Среди поступающих немало действительно талантливых и самоотверженных людей, но и они нередко проваливаются, потому что приемная комиссия, просмотрев за неделю тысячи три юных Качаловых и Комиссаржевских, мечтает лишь распустить театры и заняться выращиванием арбузов.

2

Каждый год у Юры Стукалова портилось настроение, когда он пробирался в институт сквозь толпы абитуриентов. Его охватывало чувство необъяснимого стыда за них и за себя, и не верилось, что так было и с ним.

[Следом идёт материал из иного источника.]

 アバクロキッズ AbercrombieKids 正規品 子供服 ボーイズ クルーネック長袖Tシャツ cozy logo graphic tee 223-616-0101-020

Тогда все произошло настолько удивительно быстро, что, когда он приехал после экзаменов домой, в Куйбышев, никто не поверил, что Стукалов поступил на актерский. После школы и службы в армии лето провалялся он на волжских пляжах, еще с полгода, не зная, куда приткнуться, подрабатывал где попало, а потом поехал в Москву и поступил в театральное училище, покорив комиссию фигурой атлета, выцветшими, как степное небо, глазами и флегматичной тягучей речью коренного волжанина.

Юра прошел заполненное фойе и поднялся на второй этаж в аудиторию, в которой четыре года занималась их мастерская и которую теперь, когда репетиции дипломных спектаклей проводились в актовом зале, приспособили под костюмерную. Здесь трое молодых людей в римских тогах резались в карты, обмениваясь репликами, обличающими все присущие партнерам слабости. Юра поздоровался с сокурсниками, дал им несколько дельных советов, которым, разумеется, никто не последовал, и отправился за ширму переодеваться.

Спустя несколько минут в аудиторию влетел Витя Фарсадов, а следом за ним – Стасик Костенко, отчего в помещении запахло продукцией Бадаевского завода.

– Вы, видимо, всю ночь изучали труды Прудона, герр Костенко? – поинтересовался студент Зубов, оправляя тогу, чтобы прикрыть карту, которая в этот момент упала на пол.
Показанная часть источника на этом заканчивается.